Wednesday, 11 December 2013

God Doesn’t Need To Be My Number One Priority



We live in an era when the word priority is vital and having our priorities linearly listed is apparently virtuous. It seems that December, like no other month challenges that noble standard.

So we end up at the company Christmas party where we avoid discussing shop but have nothing else in common to talk about and in the meantime we are getting further behind on Christmas shopping and then we attend the school concert where our daughter is cast in the role of a sheep or our hyperactive grandson plays the part of a tree when we need to be at home baking and all the while we are free-falling down the list of priorities and watching as they flash by us. (This is not a breathless run-on sentence, it’s just my life.)

So what do we do with the priority list? You know, the one that has God first, spouse second, family third, church fourth, work fifth, social life sixth etc. It sounds good in theory but it doesn’t function in the real world. If God is a higher priority than my spouse, how would that be demonstrated? If my spouse is a higher priority than my job how does that play out when I tell my boss I am going to be late for work or not coming to work at all because my spouse is a priority? How does a husband explain to his wife that she is a priority while he spends his evening running a shuttle service for his kids? How does a new mother explain to her three-month-old twins that their daddy is a priority and they will therefore not be getting attention right now?

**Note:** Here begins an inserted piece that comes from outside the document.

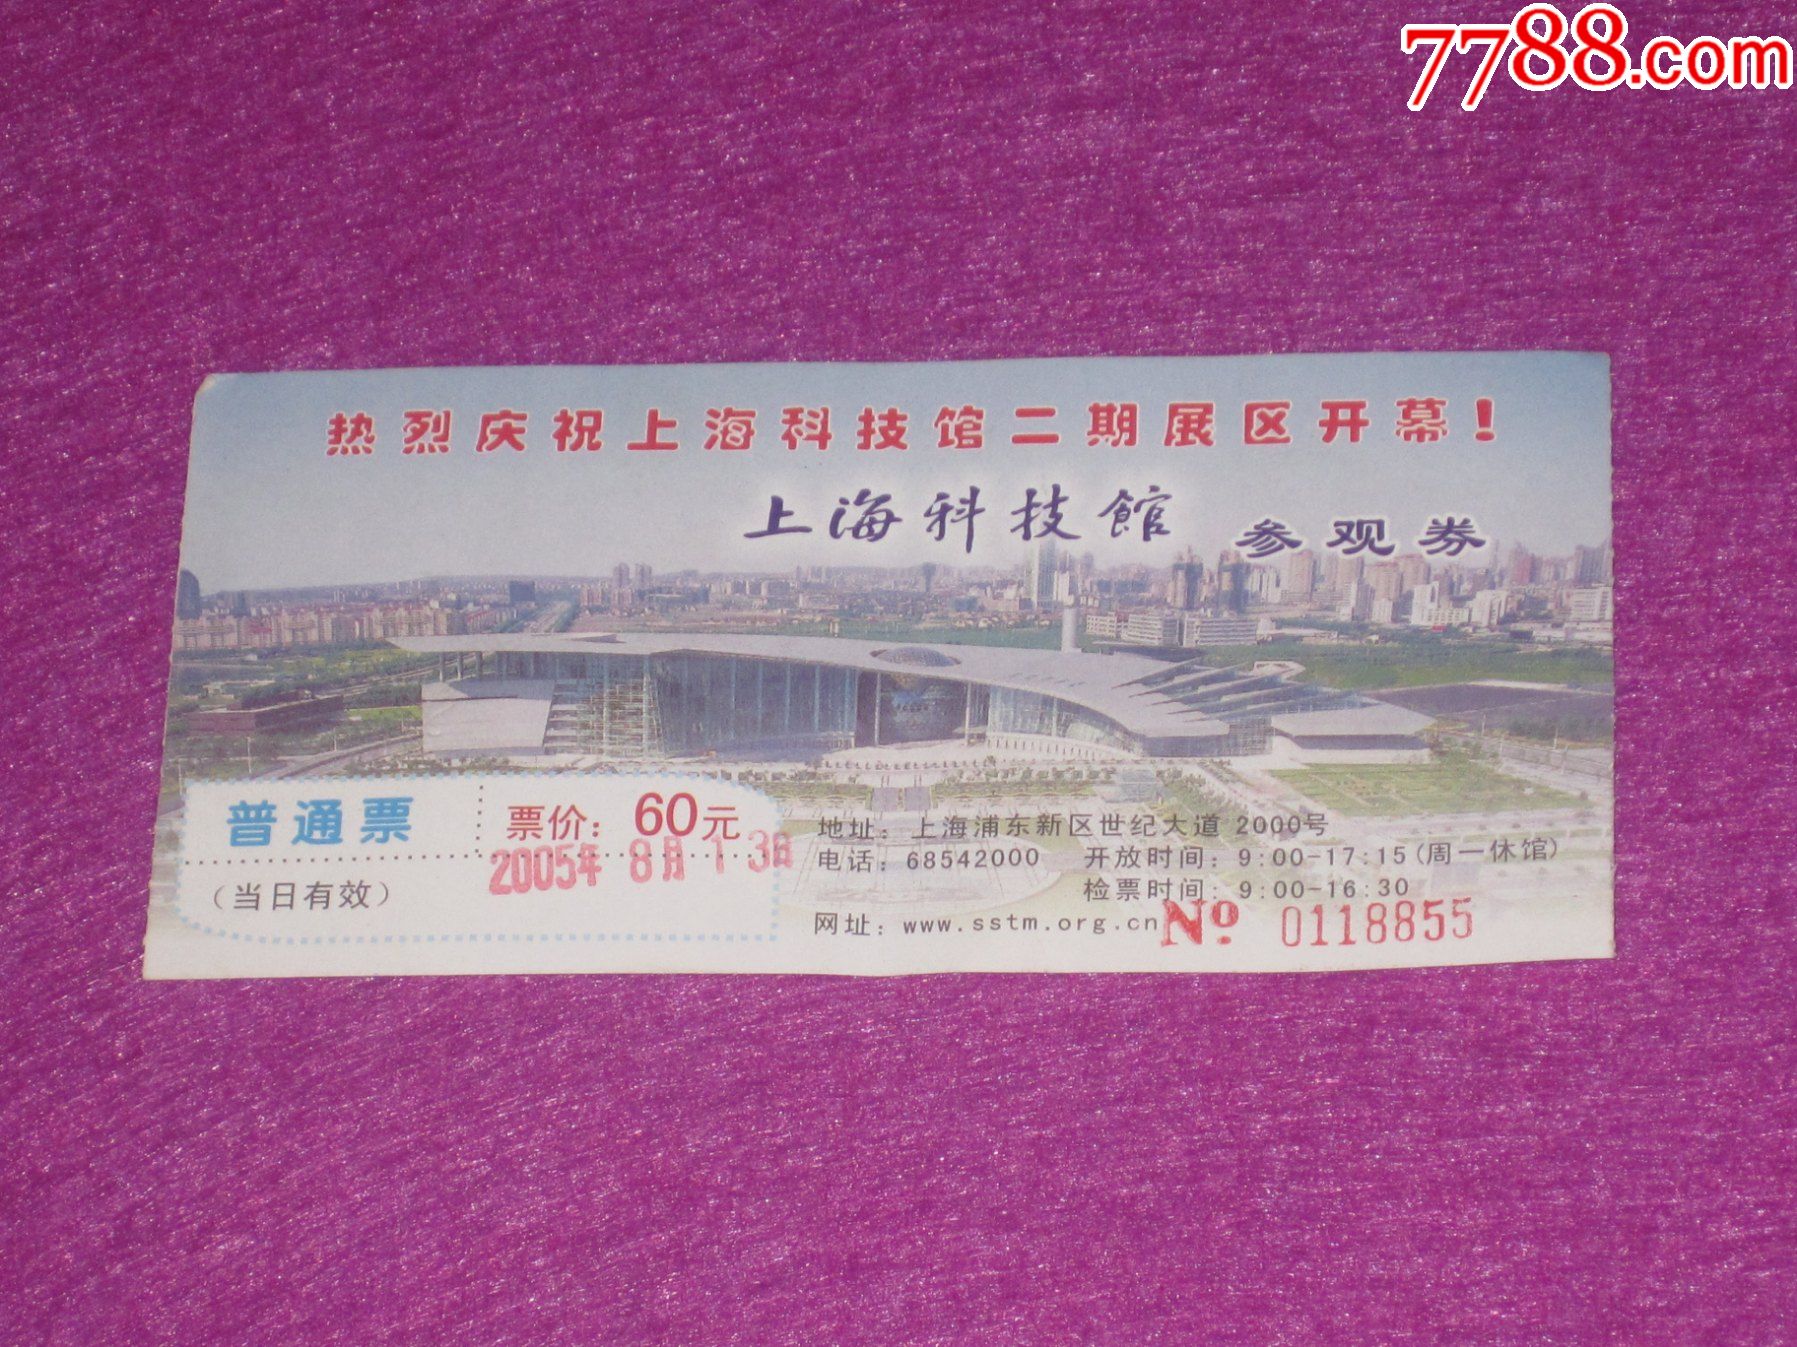 上海博物馆地址_美乐家上海生活馆地址_丹佛艺术博物设计师馆
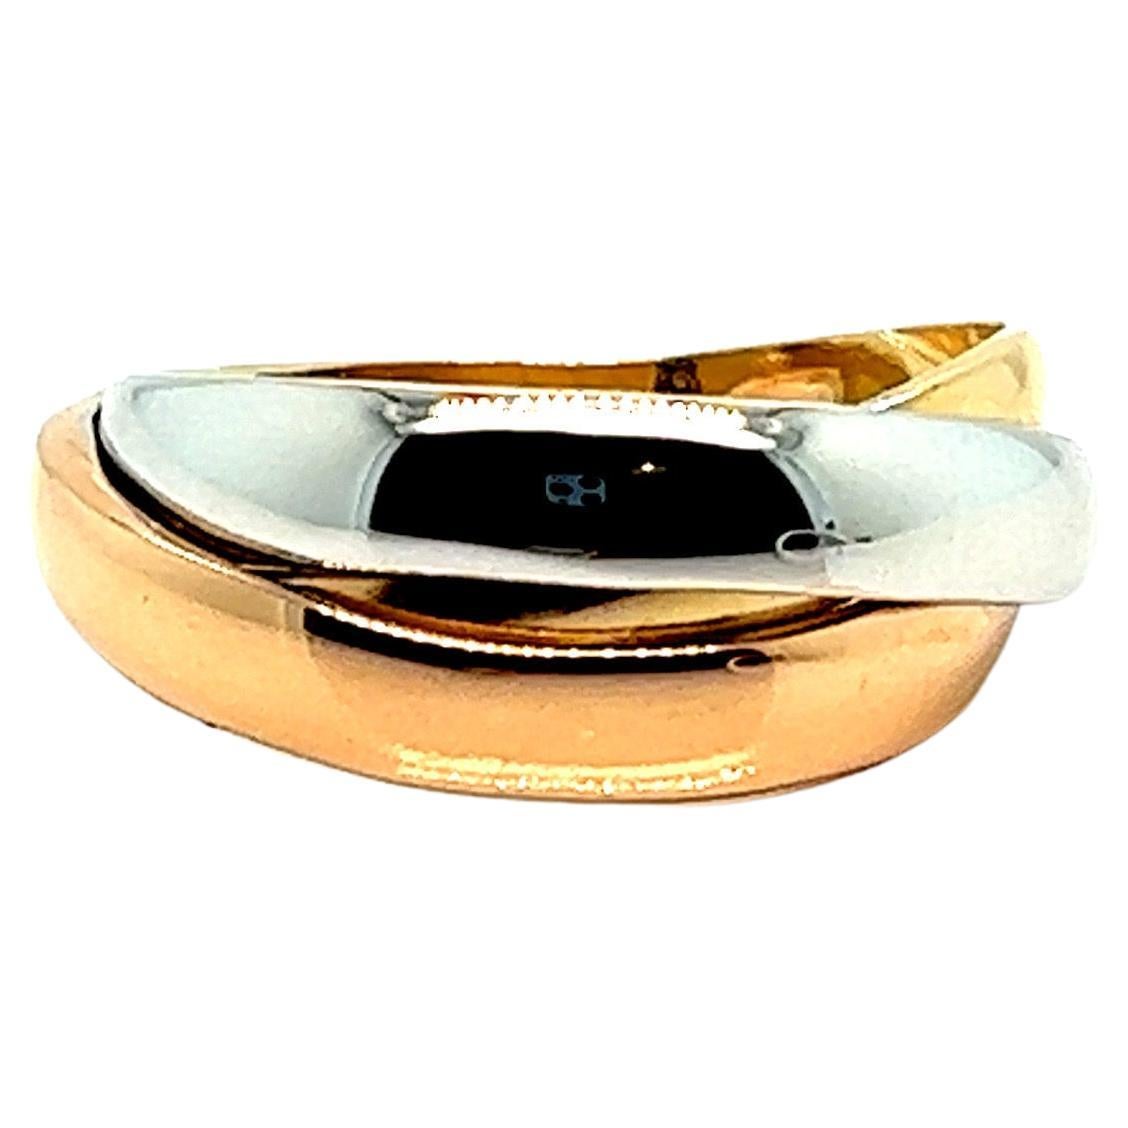 Entdecken Sie diesen prächtigen französischen Ring aus 3 Goldarten, ein wahrhaft zeitloses Meisterwerk aus 18-karätigem Gold. Dieses außergewöhnliche Stück verkörpert Eleganz und Raffinesse und ist in drei Farbvarianten erhältlich: Gelbgold,

Let me suggest that I start by taking God off the top of my priority list and place Him instead as the hub or at the centre of the spoked wheel of my life. Then my relationship with God determines how I relate to all the other relationships in my life. A healthy relationship with my spouse includes spending time with my children. A healthy relationship with my children should include a component of church life. If my wife is an accountant, both of us will realize that tax time is particularly busy.  She will then not be pressured to change her work priority just to please me. Instead part of her commitment to me will be demonstrated by not caving into my inappropriate demands on her time at the busiest time of the year. This will prompt me to be the husband God intends me to be.

God never calls me to be committed to one relationship at the expense of another. And because of that I am capable of being all the person He wants me to be – even in December.